• [✔️] R-CNN (Slow)
• [✔️] SPP(空间金字塔)-Net (Feature Map, SPP Layer)
• [✔️] Fast R-CNN (Single SPP, End-to-End)
• [✔️] Faster R-CNN (Region proposal Layer, anchor)
• [✔️] YOLO (You Only Look Once)
• [➖] SSD
• [✔️] Selective Search (Raw)
• [✔️] Non-maximum suppression (Suppress overlap)

1. 目标检测(不仅分类, 而用方框标注出感兴趣物体的位置)
2. 目标分割(不仅是目标检测, 还要输出物体的轮廓)
3. 图像分类
4. 图像标注(captioning, 不知道怎么翻译..)
5. 图像深度估计

### obeject Detection

1. R-CNN
2. SSP-net
3. fast R-CNN
4. faster R-CNN
6. YOLO(You Only Look Once)
7. SSD(Single Shot Detection)

### 2014: R-CNN

R-CNN 的目标是：导入一张图片，通过方框正确识别主要物体在图像的哪个地方。

1. 选择2000张不同最有可能出现感兴趣物体的区域.
2. 将每个区域封装成可以提供给CNN的图像的尺寸.
3. 将CNN提取的特征(4096 embending)提供给SVM进行分类
4. 用线性回归模型找到更紧密的边框.
• Fine-tune network with softmax classifier (log loss)
• Train postHhoc linear SVMs (hinge loss)
• Train postHhoc boundingHbox regressors (squared loss)

#### 训练

1. SVM使用的是one vs all分类器, 即训练N+1个线性分类器. 每一类一个, 再加一个背景.
2. 训练的时候并非把2000张图片都导入进行训练, 而是选择positive ROIs, 即与ground truth区域有足够大的重叠, 先进行训练后. 在把负样本导入进行重新一轮训练.
3. 线性分类器的参数就是4096的向量加一个bias项,

#### 测试与可视化

1. 生成很多ROIs后进行分类, 对于分类置信度很低(一般用0.5)的与分类为背景的直接去掉, 注意这里需要使用非最大抑制进行单一检测(避免重复检测).

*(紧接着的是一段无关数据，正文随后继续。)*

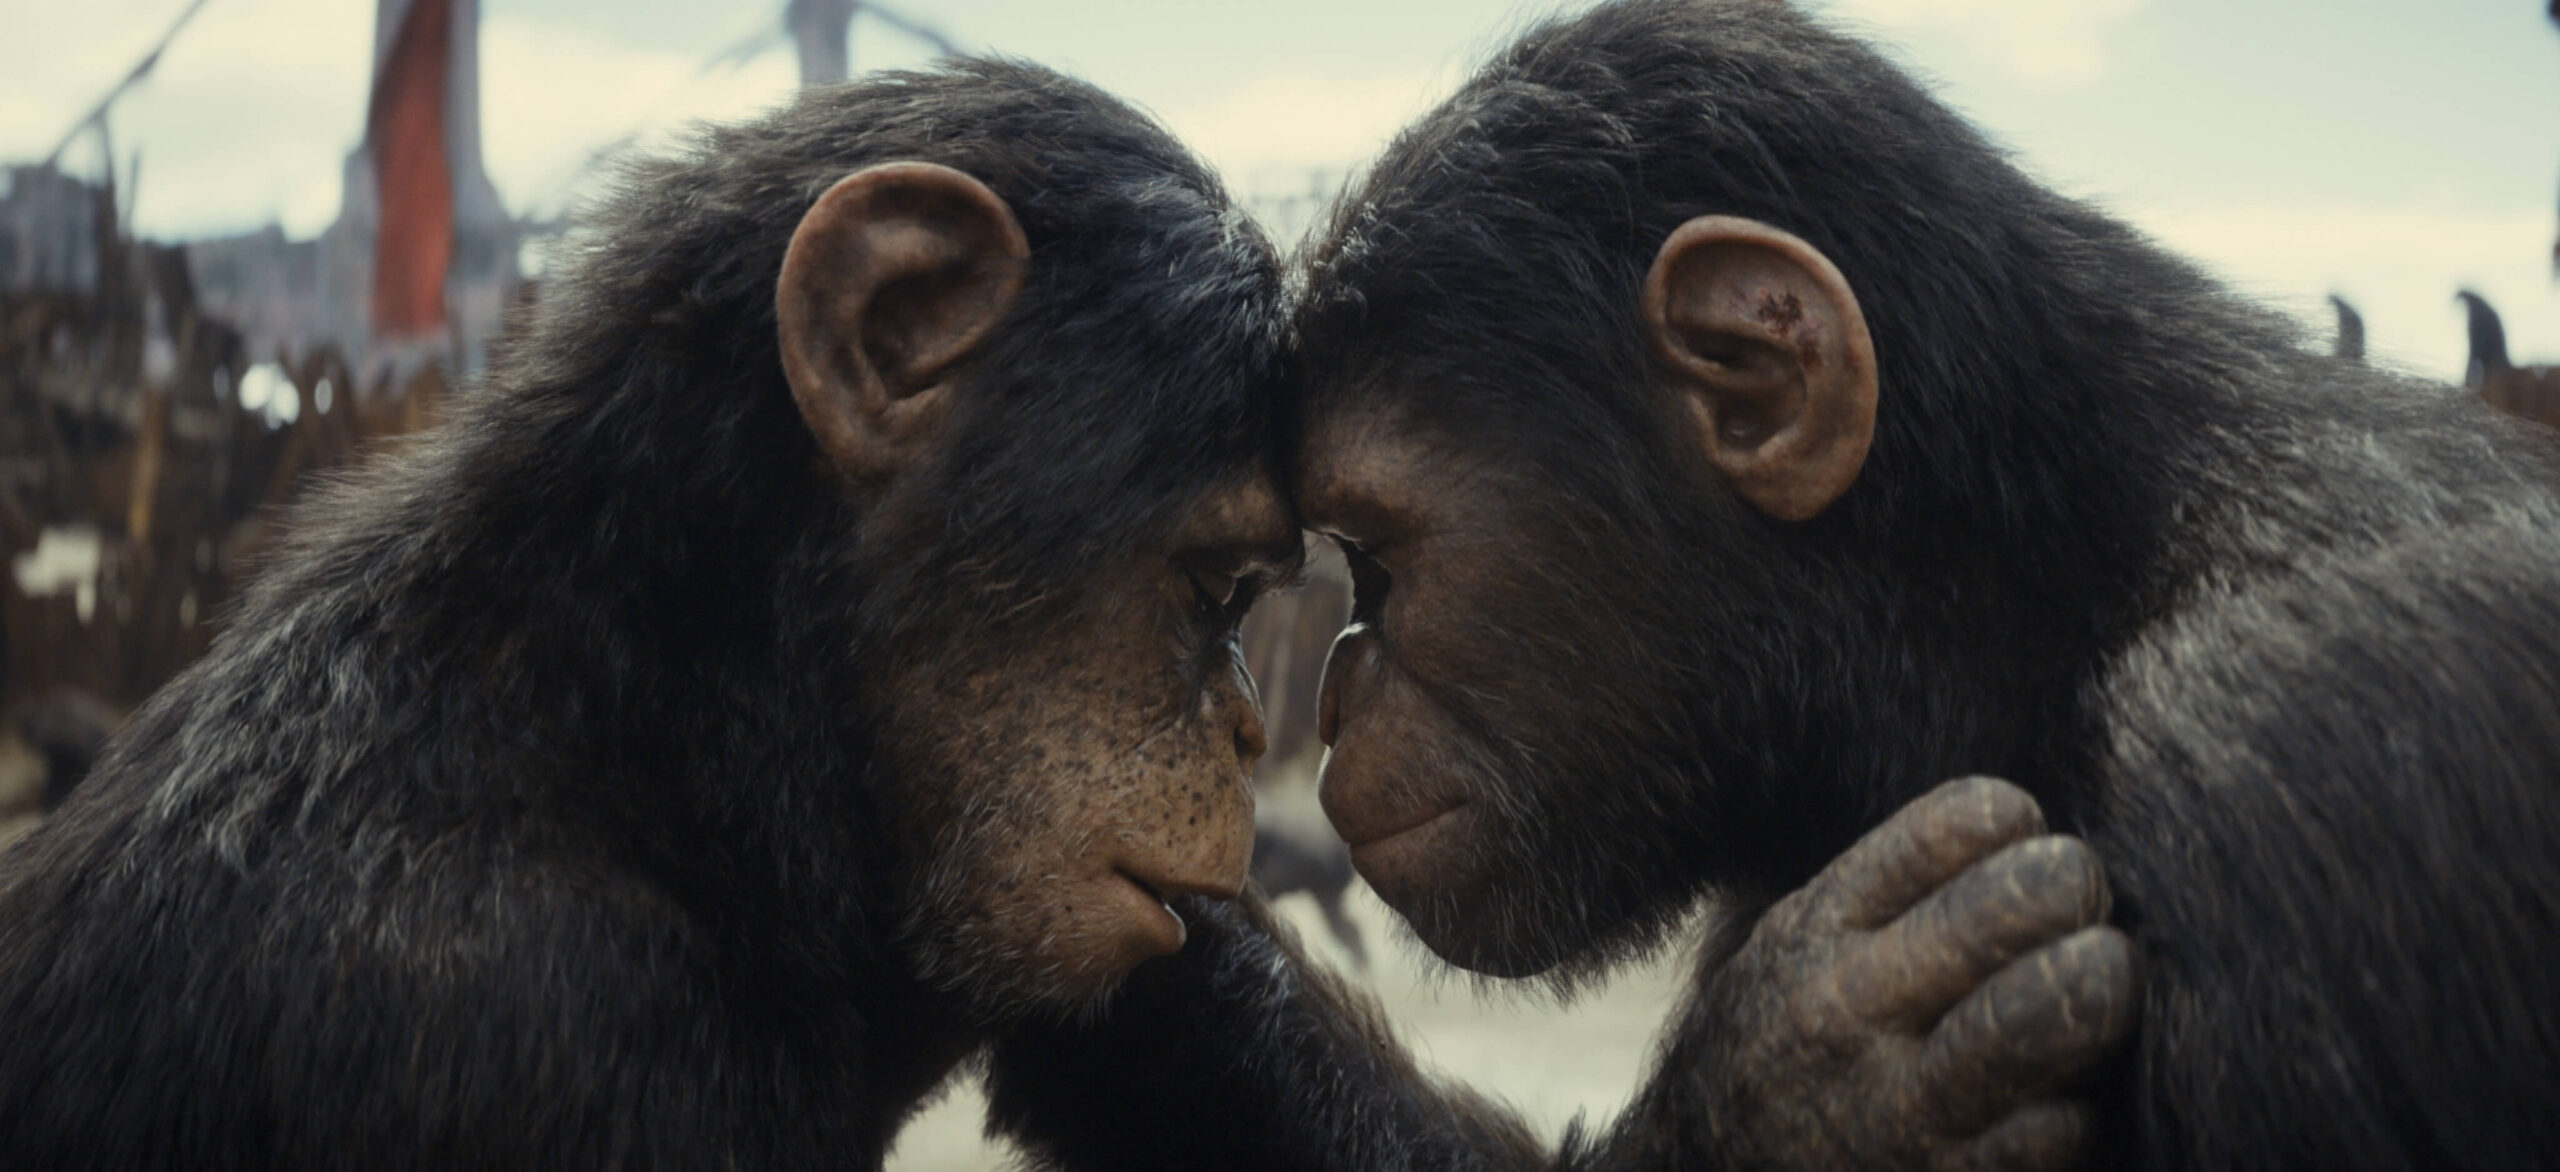 Kingdom of the Planet of the Apes (Disney)

1. 一般用来算法衡量的指标是mAP(mean average Precision, 即对不同类画出PR(precision-recall)图, 计算出面积的平均值, 具体的见论文)

PR图如下

Results using 200 ROIs (this number is too low to get good accuracy but for demo purposes allows for fast training and scoring):

|—|—|—|—|—|—|—
|Training set|0.91 |0.76 |0.46 |0.81 |…|0.62
|Test Set| 0.64 |1.00 |0.64 |1.00 | |0.62

Results using 2000 ROIs:

|—|—|—|—|—|—|—
|Training set|1.00 |0.76 |1.00 |1.00 |…|0.89
|Test Set| 1.00 |0.55 |0.64 |1.00 | |0.88

#### 选择搜索实现

Goals:

1. Detect objects at any scale.
- Hierarchical algorithms are good at this.
2. Consider multiple grouping criteria.
- Detect differences in color, texture, brightness, etc.
3. Be fast.

Step 1: Generate initial sub-segmentation
Goal: Generate many regions, each of which belongs to at most one object.

Step 2: Recursively combine similar regions into larger ones.
Greedy algorithm:

1. From set of regions, choose two that are most similar.
2. Combine them into a single, larger region.
3. Repeat until only one region remains.
This yields a hierarchy of successively larger regions, just like we want.

Step 3: Use the generated regions to produce candidate object locations.

Goals:

1. Use multiple grouping criteria.
2. Lead to a balanced hierarchy of small to large objects.
3. Be efficient to compute: should be able to quickly combine measurements in two regions.

Two-pronged approach:

1. Choose a color space that captures interesting things.
- Different color spaces have different invariants, and different
responses to changes in color.
2. Choose a similarity metric for that space that captures everything we’re interested: color, texture, size, and shape.

- RGB, 缺点是亮度的改变会影响三个通道.

• HSV(hue, saturation, value), This color space describes colors (hue or tint) in terms of their shade (saturation or amount of gray) and their brightness value.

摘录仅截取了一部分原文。